FRI educator: writing skills overlooked in fire service


By Jamie Thompson
FireRescue1 Editor


Photo Jamie Thompson
Instructor Mary Sovick speaks to an education session at FRI in Denver Thursday about the importance of strong writing skills in the fire service.

Strong writing skills are becoming ever more significant in today's fire service, particularly when it comes to writing post-incident reports.

Attendees at an education session at Fire-Rescue International Thursday were told that attorneys often focus on such documents when building civil liability cases for their clients.

Mary Sovick, owner/instructor of Fireline Training and Consulting, told the session that writing is an area that departments and firefighters need to pay more attention to.

"If a department completely ignores these skills … people are left woefully unprepared for the tasks that face them in their everyday work."

Sovick, a retired firefighter from South Metro Denver Fire & Rescue, has been teaching writing training for more than 10 years and is also an adjunct instructor at the National Fire Academy.

Quoting previous presentations by respected risk management and civil liability authority Gordon Graham, Sovick said, "You need to take report writing much more seriously than you currently do for a whole bunch of good reasons."

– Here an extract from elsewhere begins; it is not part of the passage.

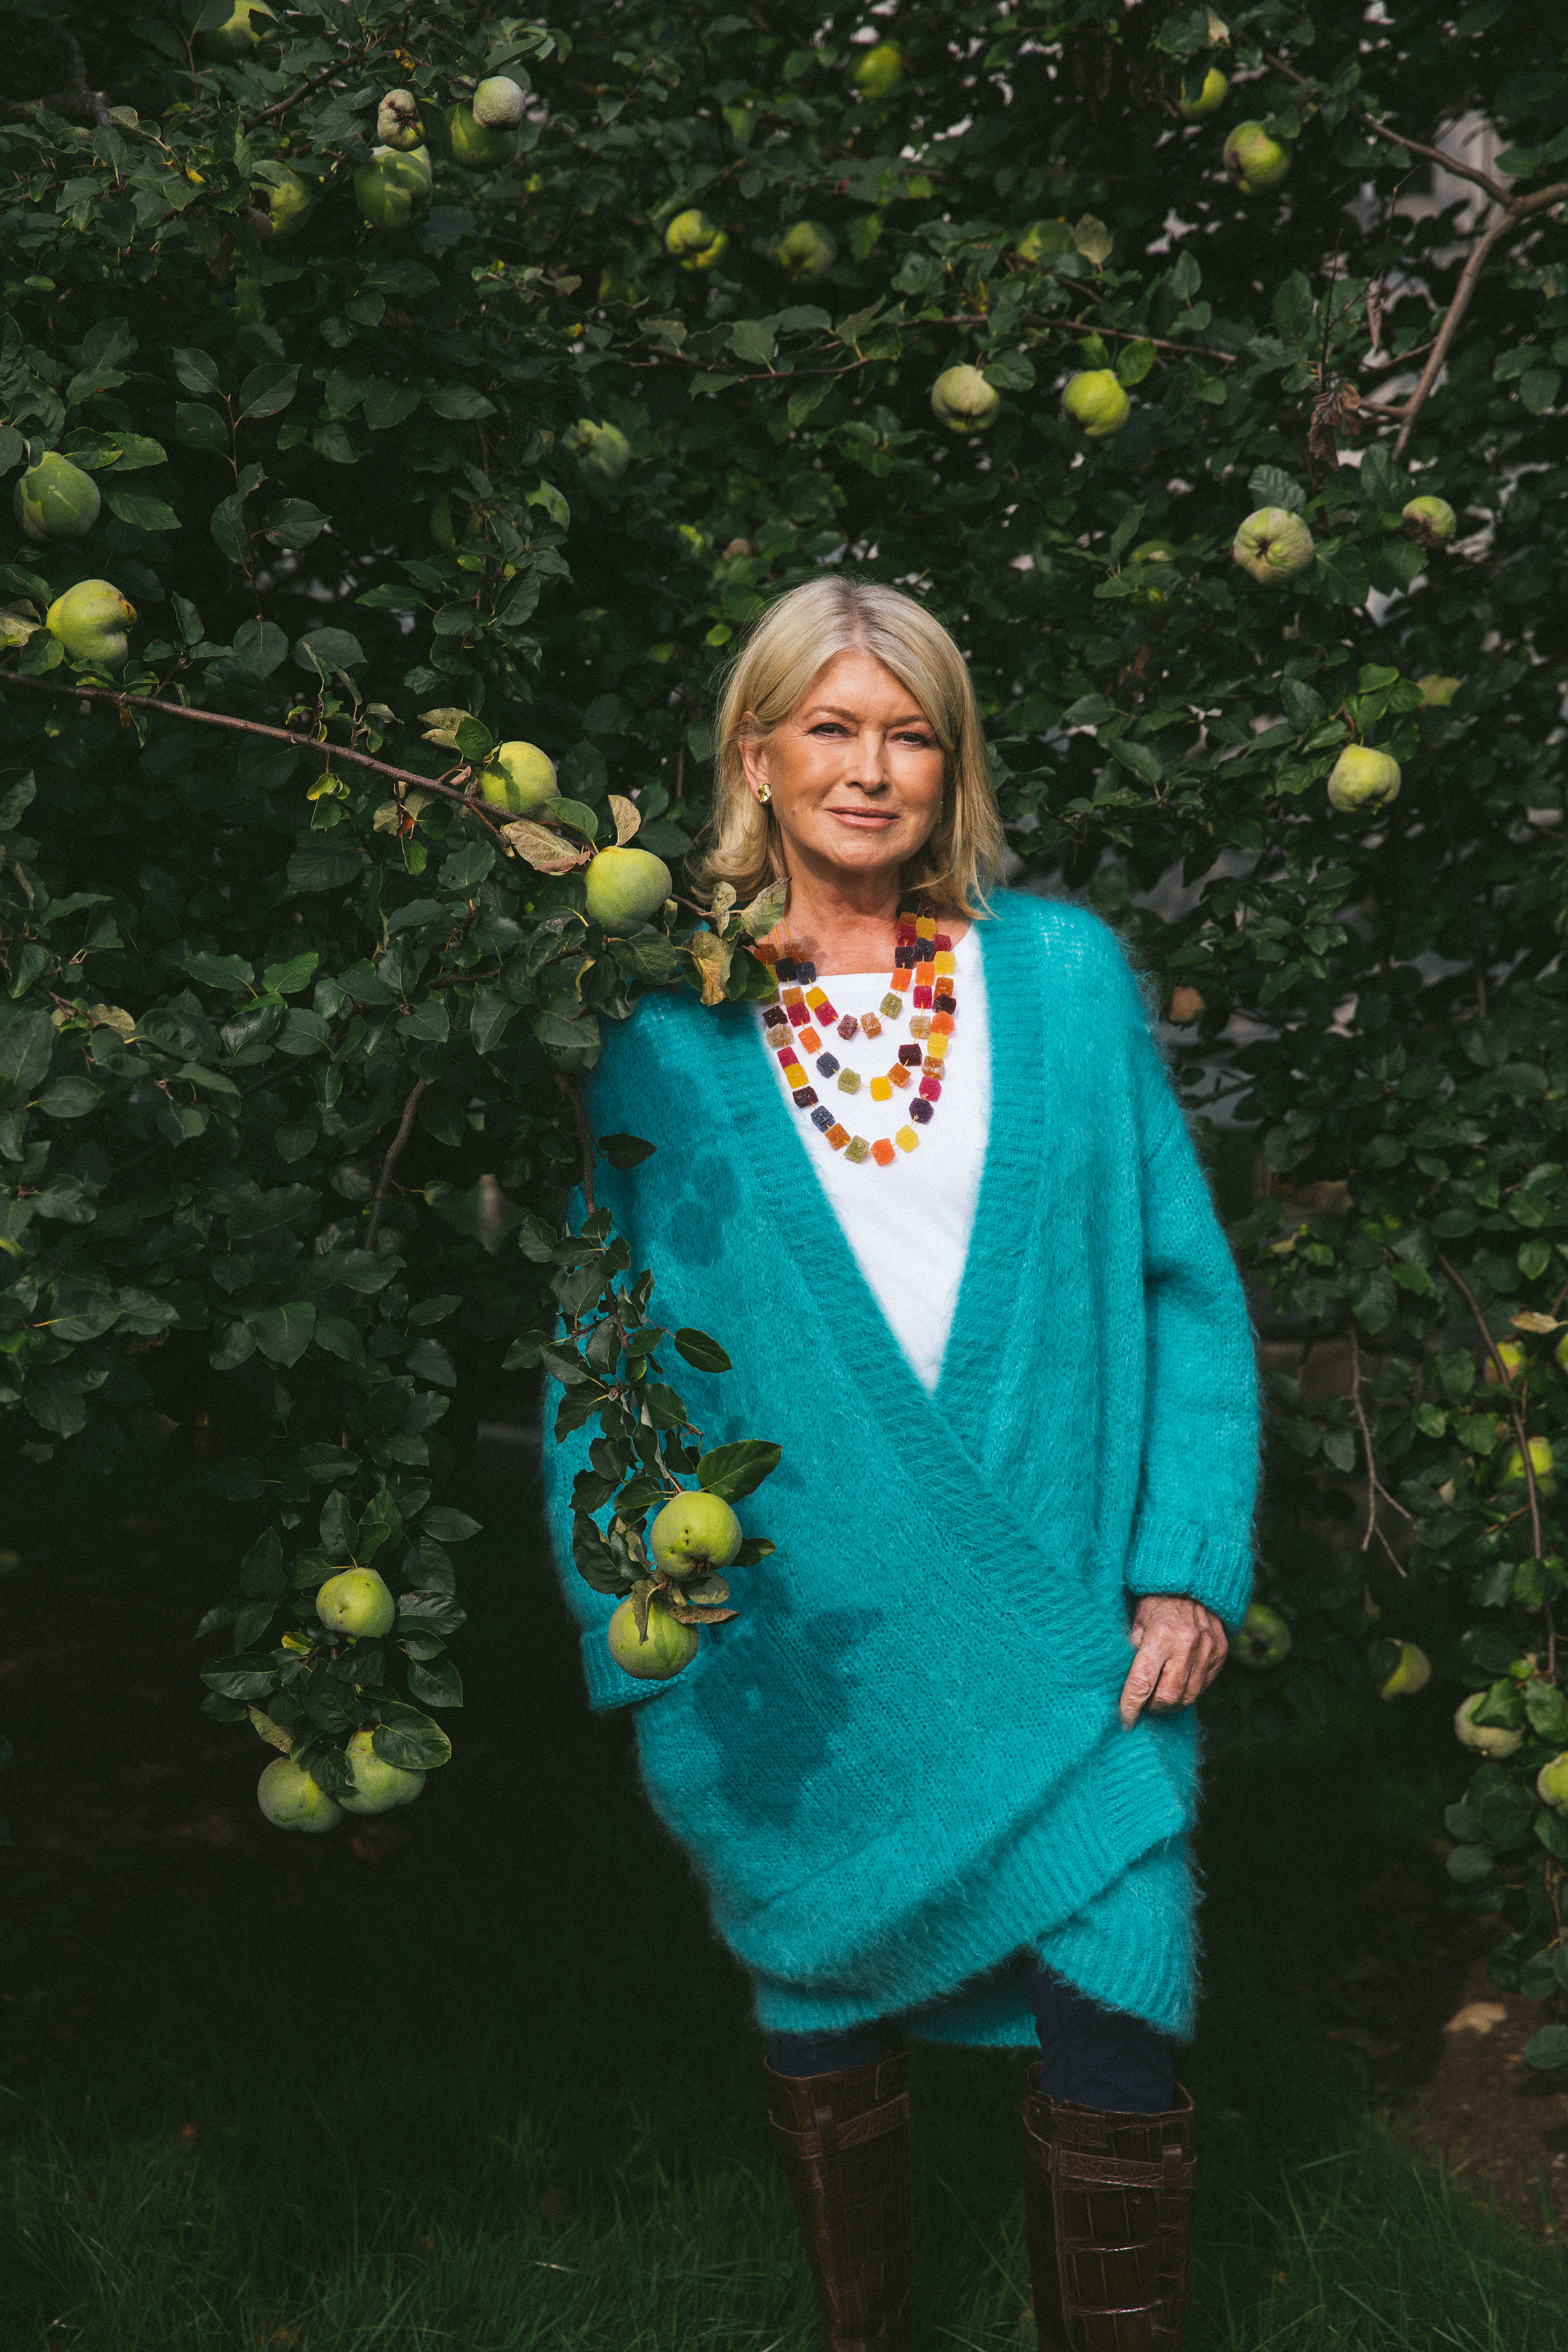 Martha Stewart cosecha sus propios alimentos en el jardín o invernadero de su casa, para preparar sus batidos verdes y consumir alimentos orgánicos. (Celeste Sloman/The New York Times)

One of the biggest is the fact that as firefighters progress in their careers and assume more responsibility, she said, they are more exposed to liability claims.

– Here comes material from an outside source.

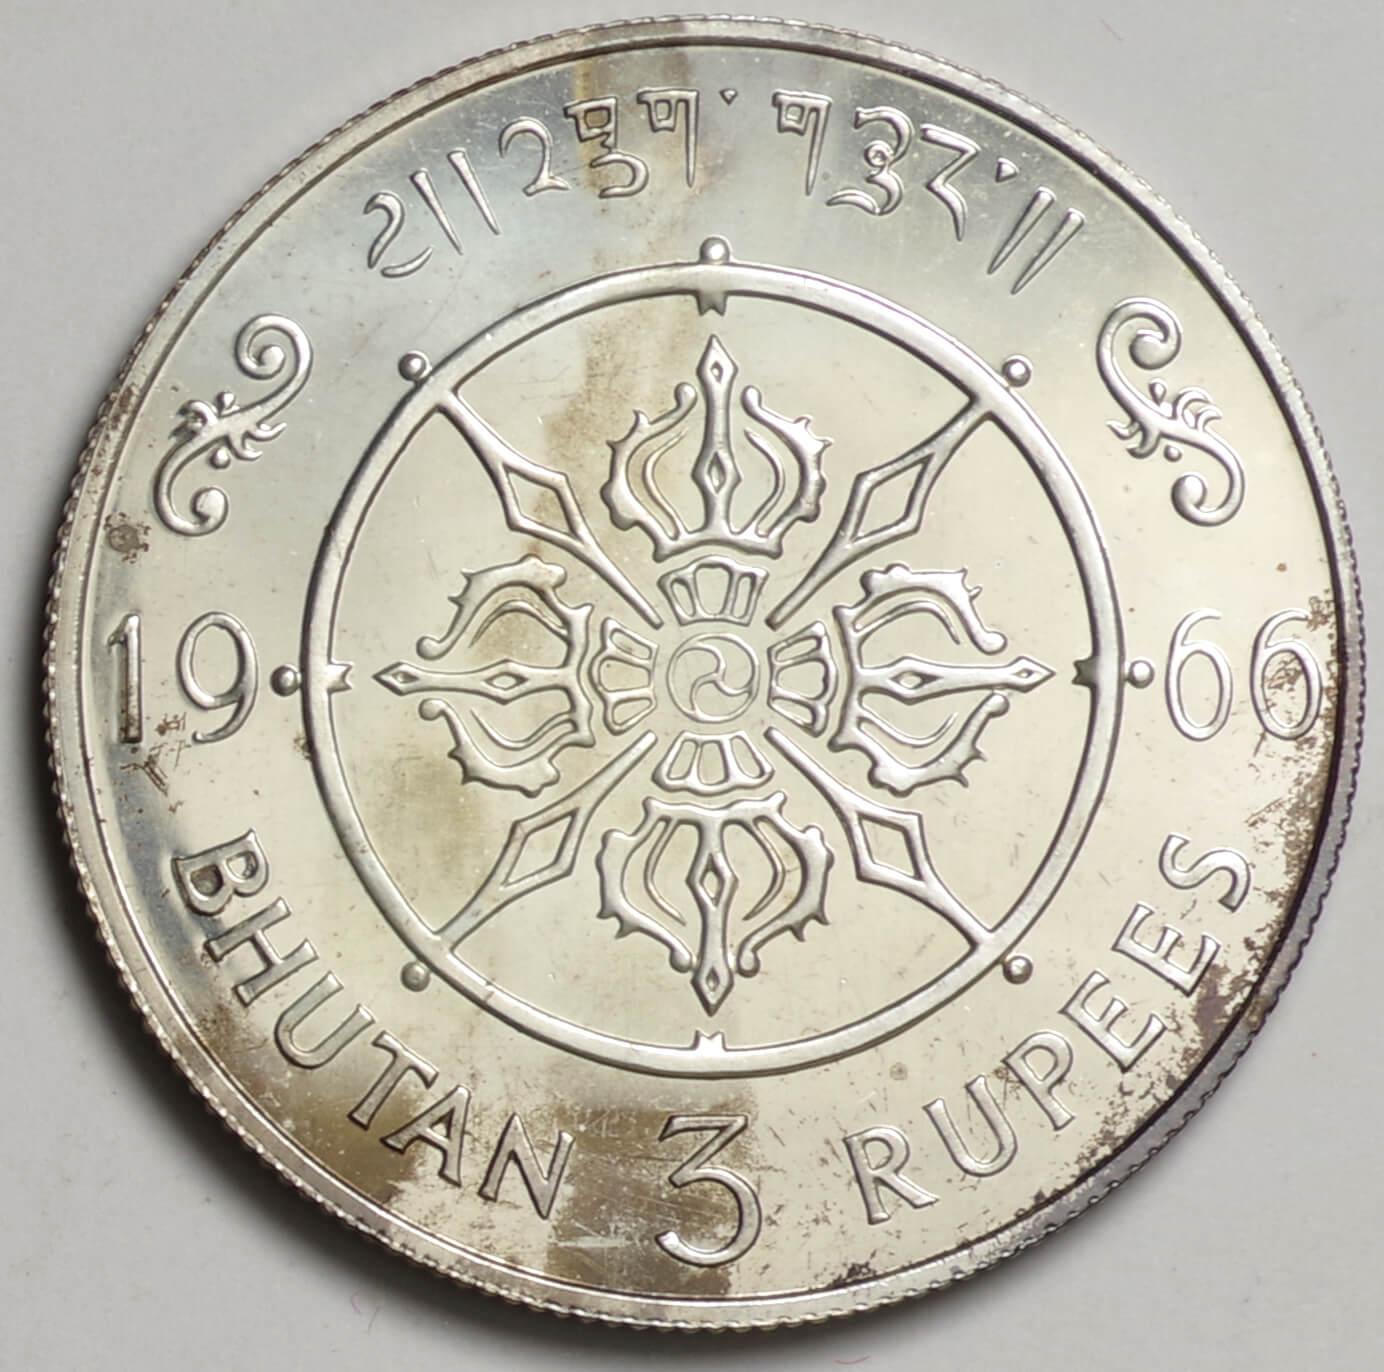 ﾌﾞｰﾀﾝ-Buhtan ジグミ・ワンチュク即位40周年記念 3ルピー銀貨 1966年

According to Sovick, Graham has outlined two criteria for firefighters to follow to protect themselves and their departments from civil liability: "You need to do the job right – and you must be able to prove it."

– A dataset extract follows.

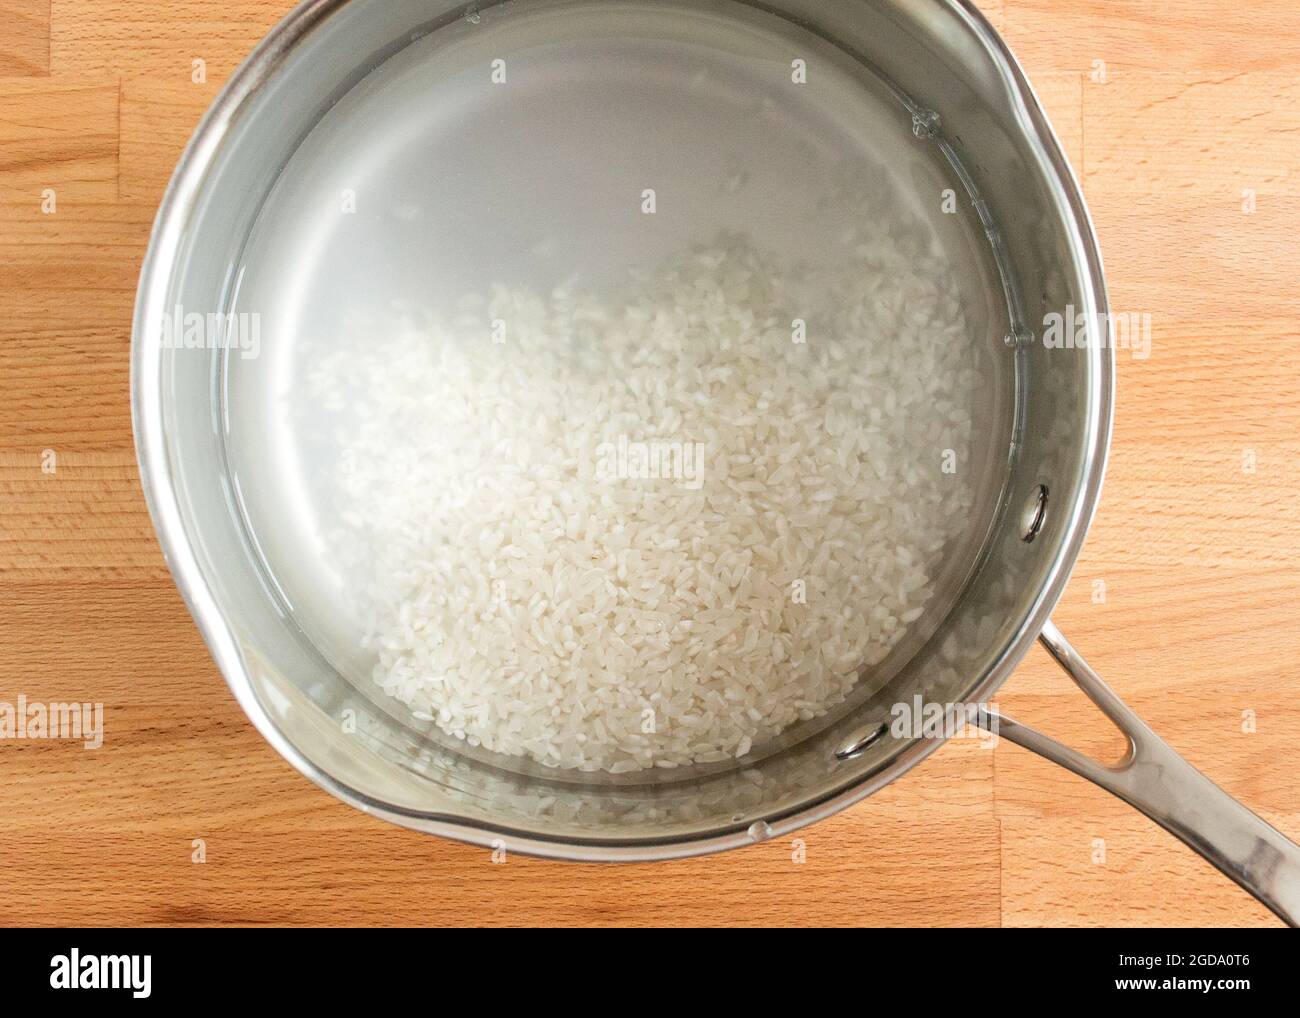 Der gewaschene Reis liegt in einer Schüssel mit Wasser. Stockfoto

Being subpoenaed has become a normal part of a firefighter's working life nowadays, Sovick said.

"Generally, when people in the fire service are subpoenaed, authorities, in their efforts to try to look for witnesses, begin with our reports," she said.

Sovick said good writing abilities affect various areas, from a firefighter's reputation to opportunities for promotions.

She went on to warn departments against the frequent use of abbreviations in reports, particularly where there's no common consensus of them such as LOC, which carries a variety of meanings.

"Abbreviations get us in trouble when we don't have them standardized," she said.